The future of assessment
Schools typically test kids at the beginning of the year to screen who’s high, who’s low, and who ought to get special treatment, and then at the end of the year to determine who learned and who didn’t. More frequent but less time-consuming assessments throughout the year can help guide differentiation and instruction. In cases that require frequent progress-monitoring, our Star Assessments can be used monthly or even as often as weekly, although three or four assessments throughout the year should be enough to help teachers make decisions about individual students’ instruction. The trend toward using assessments to guide instruction is pretty well developed here at Renaissance, but it continues to grow around the country. I think that is the direction that things will increasingly go in the coming years.
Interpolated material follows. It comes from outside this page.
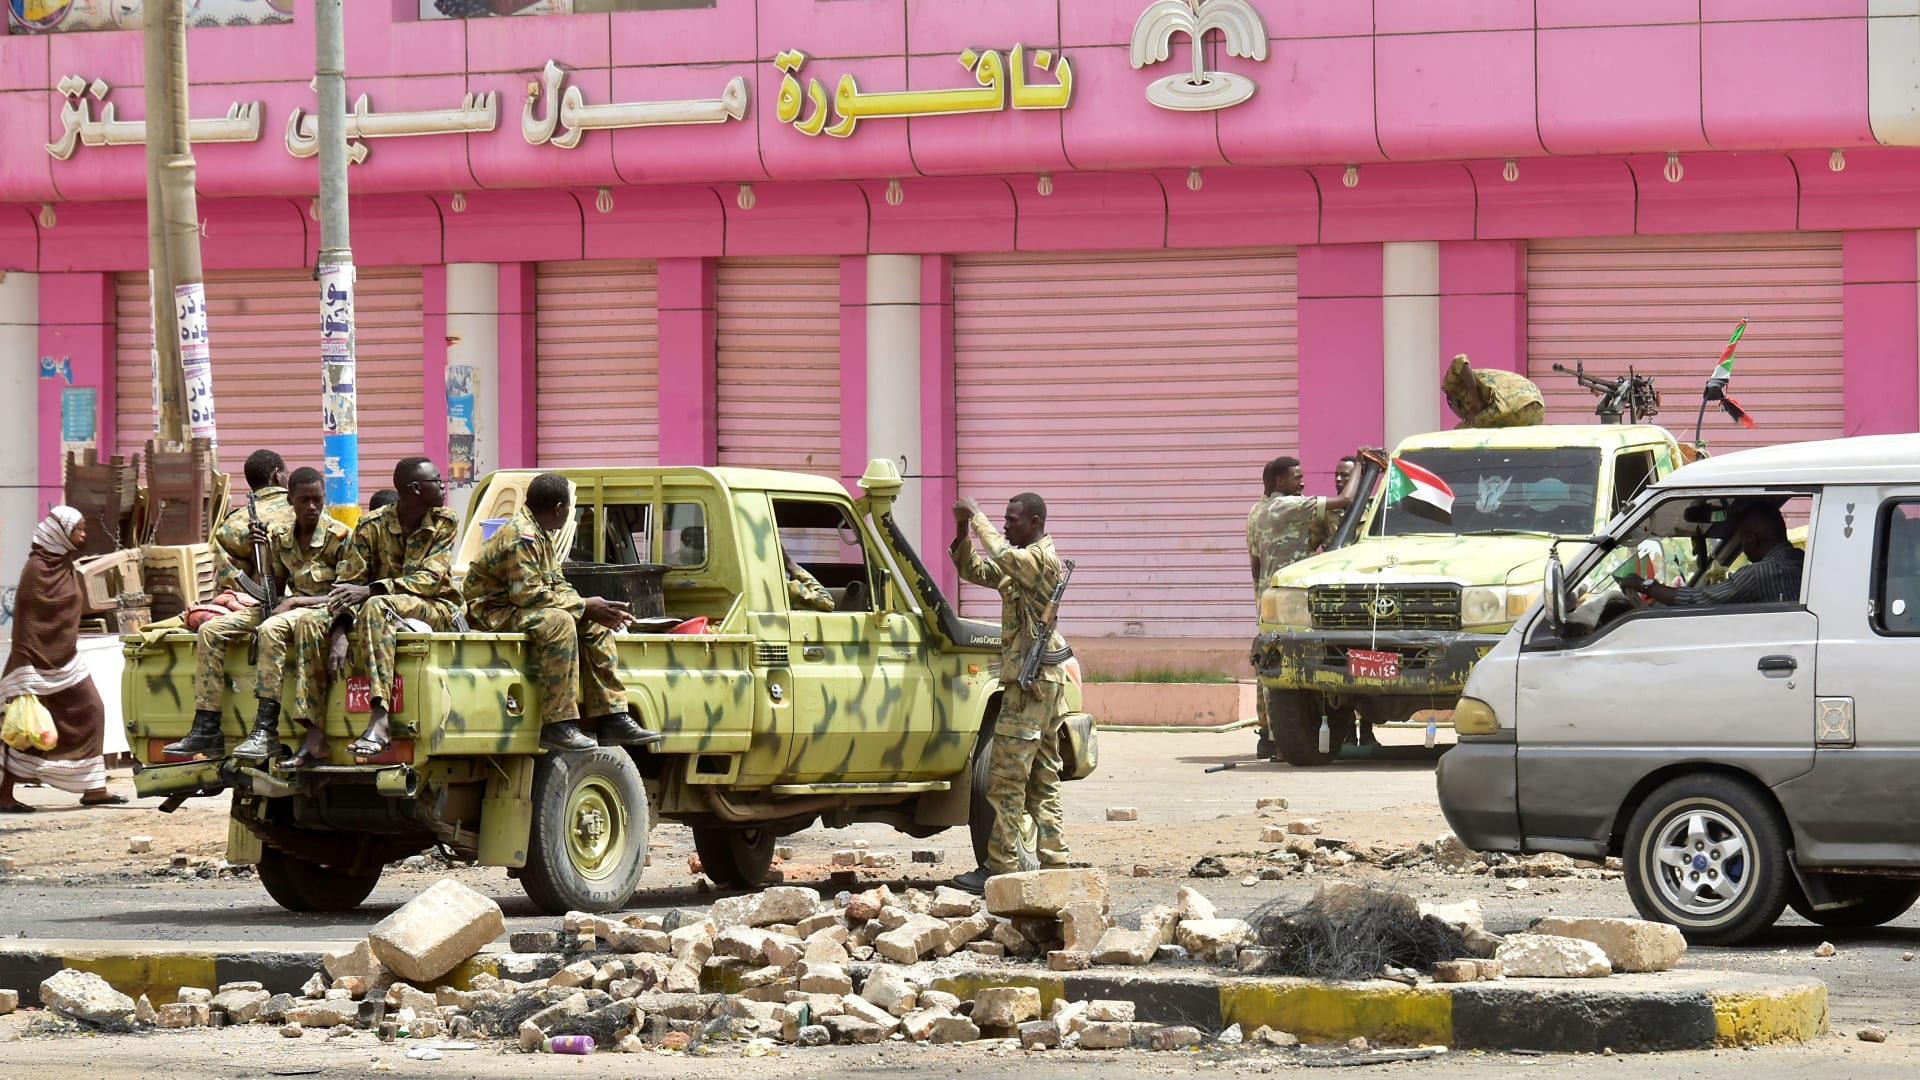 العصيان المدني في السودان.. والهدف: "الإطاحة بالمجلس العسكري"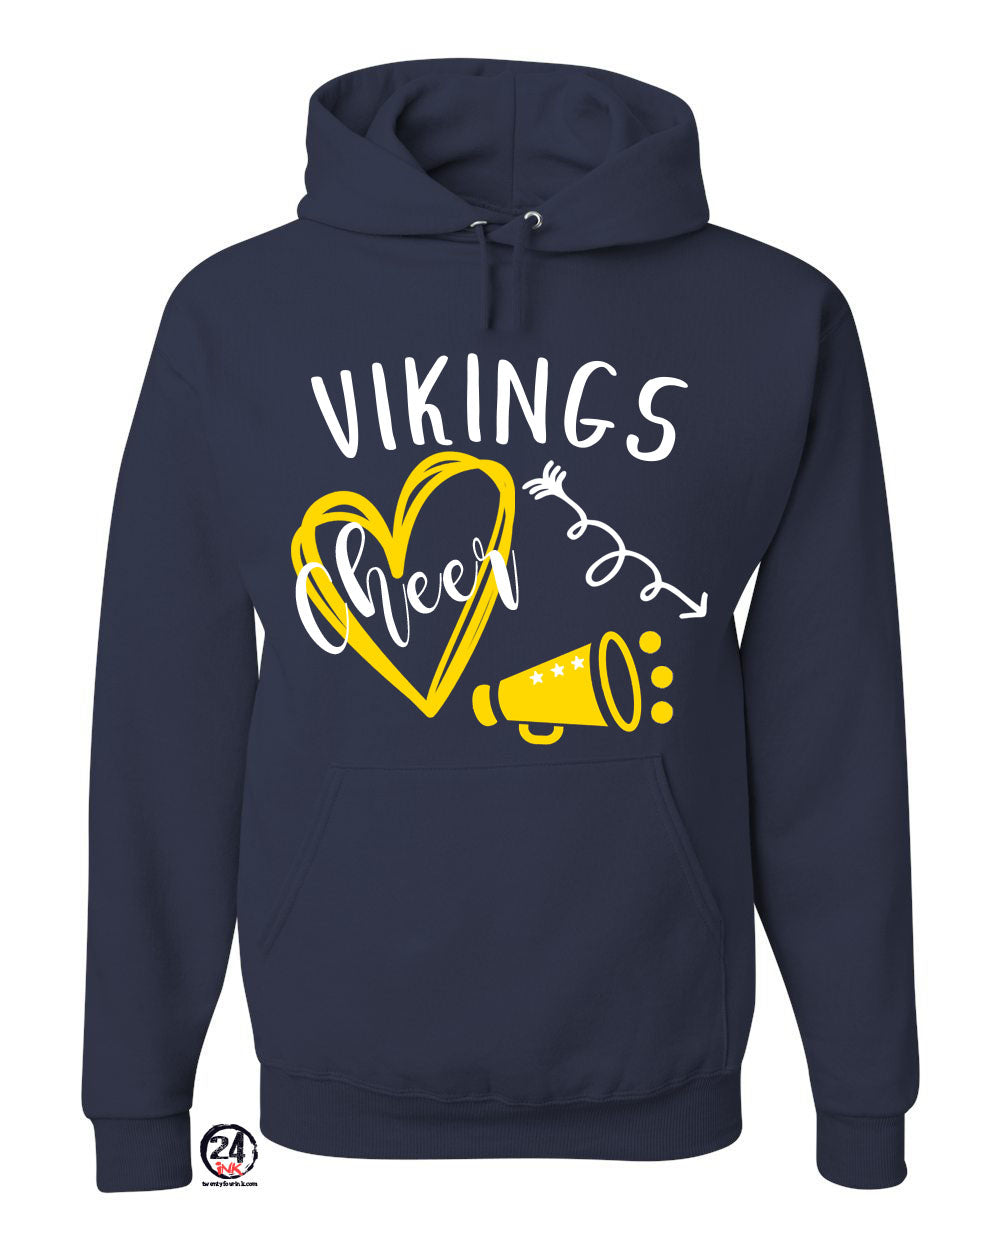 Vikings Cheer design 3 Hooded Sweatshirt

Kids will be grouped, and students will be treated similarly within their group, but differently across groups, in an effort to bring everyone to the same point of competency. It probably won’t fully succeed in bringing every student to the point we’d like to see them—it has never worked before in all the ways that have been tried—but I think it’s a much more promising approach that we should pursue vigorously in the near future.
Another approach that I think we’re going to see more of in the long term is embedded assessments. These are tests that are folded into instruction so as to be indistinguishable. In theory, students won’t even know they’re being assessed, and the results should be available to inform instruction almost immediately.
This concept is new enough that it needs to be validated more. There will be some surprises (both happy and disappointing) as it’s developed and refined, but we’re likely to see a great deal of evolution on embedded assessments.
Increasingly, artificial intelligence (AI) applications are in development or used in educational settings, whether for assessment or instruction or a combination of the two. As with embedded assessments, the field still has a lot of shaking out to do, but it’s promising.
Again, I am optimistic while maintaining a healthy skepticism about changes like this. When new technologies come along, they need to be explored just as computer-adaptive testing was explored. CAT succeeded. A lot of other technologies have fallen by the wayside for one reason or another, and we’ll see that happen going forward again with other possibilities AI will open for us.
We need to be appropriately conscious of the fact that most exciting innovations will fall short for one reason or another. But that’s “old guy talk” that we don’t want to hear from the younger researchers exploring these new avenues. We need to encourage those innovators so they pursue the work that will uncover technologies and methodologies as effective as CAT.